Die rassistischen Äußerungen vom Schalke-Boss Clemens Tönnies haben einen langen Nachhall. Bei einer Podiumsdiskussion in der Gelsenkirchener VHS, zu der der Verein Anno 1904 geladen hatte, stellte sich Schalkes Finanzvorstand Peter Peters vor rund 100 Zuhörern der Auseinandersetzung um den Umgang mit Rassismus. Die Erkenntnis des Abends: Die Fronten bleiben verhärtet. Die Basis um Fans und Mitglieder der Fan-Initiative, des Fan-Projekts und etwa auch die Demokratische Initiative vermissen Haltung und echte Sanktion, während Schalkes leitender Angestellter und der Schalker Ehrenrat die dreimonatige Auszeit des Aufsichtsratsvorsitzenden als ausreichendes Strafmaß ansehen.

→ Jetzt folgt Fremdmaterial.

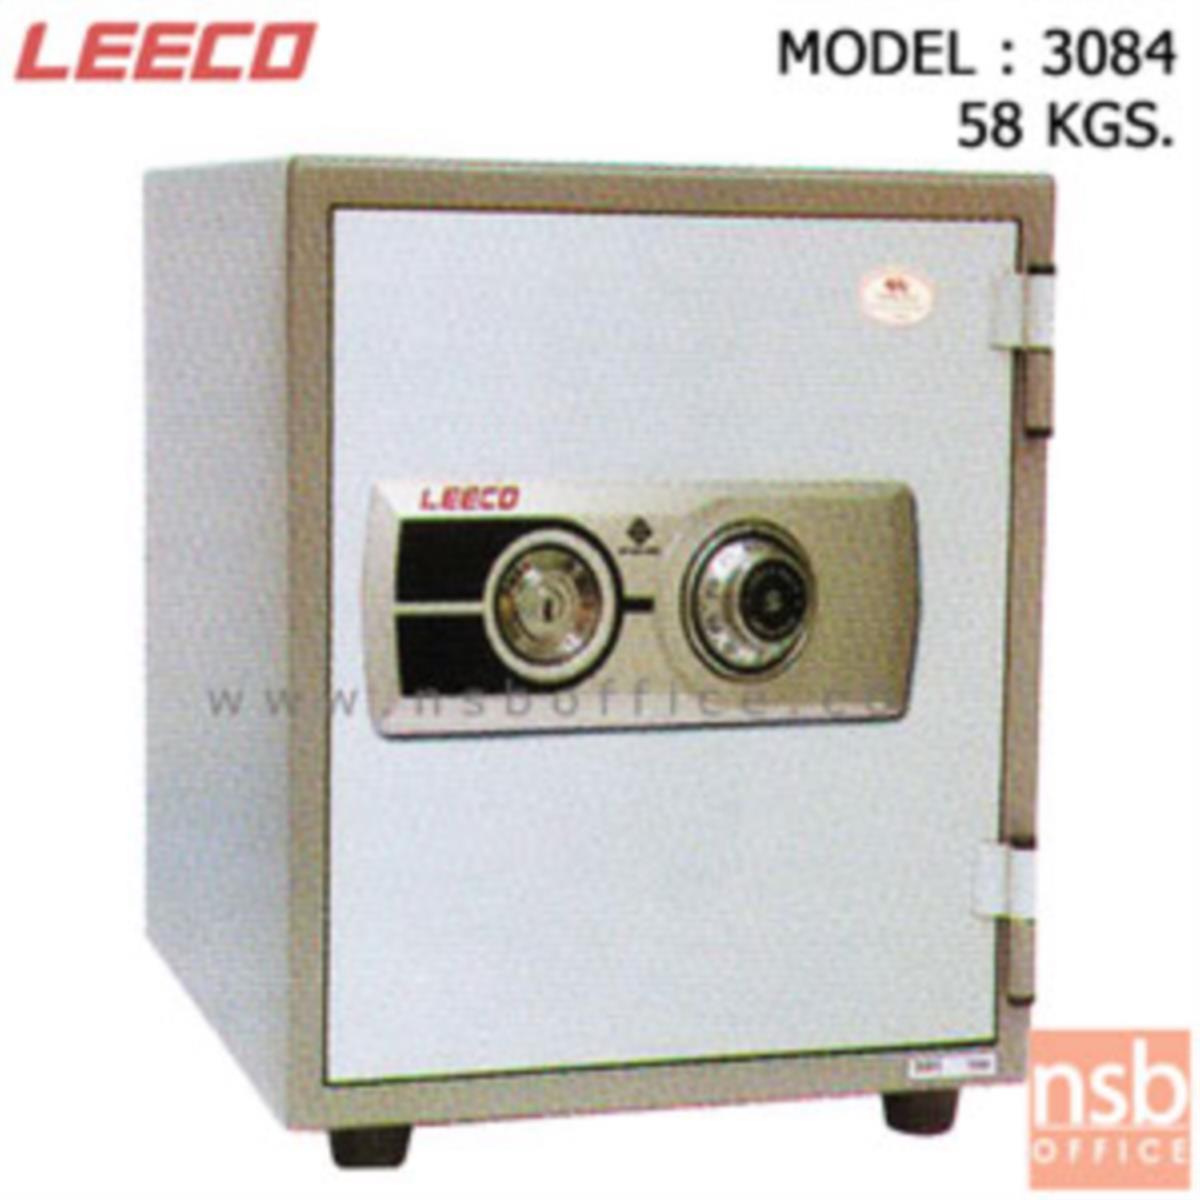 F02A047:ตู้เซฟนิรภัย 58 กก.(แนวตั้ง) ลีโก้ รุ่น 3084 มี 1 กุญแจ 1 รหัส

Peter Peters gab zu, dass die Aussagen des Aufsichtsratsvorsitzenden ein Fehler und auch rassistisch waren, dennoch betonte er ausdrücklich und stetig seinen Wunsch, dass „Clemens Tönnies zurückkehrt. Er hat so viel Gutes getan. Er ist kein Rassist. Wir und ich machen weiter mit unseren Aktivitäten und lassen uns 20 Jahre gute Arbeit nicht kaputt machen.“ Als Beispiel nannte Peters die jüdische Spurensuche im Laufe dieser Woche mit der jüdischen Gemeinde Gelsenkirchen als eine von vielen Aktion, bei denen sich die Königsblauen für die Eindämmung von Gewalt und die Bekämpfung von Diskriminierung sowie Rassismus einsetzten.
Ausschluss ist eine Kann-Option, kein Muss
Peters und auch die drei Mitglieder des Ehrenrates hatten einen schweren Stand. Die Ehrenrat-Vertreter Hans-Joachim Dohm (Pfarrer in Rente) und Richterin Kornelia Toporzysek mussten sich von Roman Kolbe vom Magazin „Schalke Unser“ den Vorwurf gefallen lassen, dass „rassistische Äußerungen künftig in die Kategorie Meinungsfreiheit gehören, wenn Sanktionen ausbleiben.“ Sven Schneider von der Schalker Fan-initiative fügte hinzu, dass „wir mit unserer Anti-Rassismus-Arbeit durch diesen Umgang mit der Thematik in die Steinzeit zurückversetzt werden“.
Den Hinweis eines Zuhörers, dass die Schalker Satzung bei rassistischem Verhalten einen Vereinsausschluss vorsehe, konterte der Ehrenrat mit der Bemerkung, es sei eine Kann-Option, nicht ein Muss. Die Demokratische Initiative GE benannte den VW-Skandal, Cum-Ex-Geschäfte und folgerte mangels Strafen daraus, ähnlich wie im Schalker Fall, dass dadurch erst recht „rechte Kräfte erstarkten.“
Gruppe bietet Sicherheit, ein Alleingang birgt Risiken
Applaus bekam die Landesvorsitzende der Grünen, Mona Neubauer, die als Fußballfan in die Diskussion einstieg. Sie sagte: „Es gibt Situation, wo man sagen muss: Da habe ich Mist gebaut und daraus ziehe ich meine Konsequenzen.“ Wohl ein Hinweis, dass sie einen Rückzug Tönnies befürwortet hätte.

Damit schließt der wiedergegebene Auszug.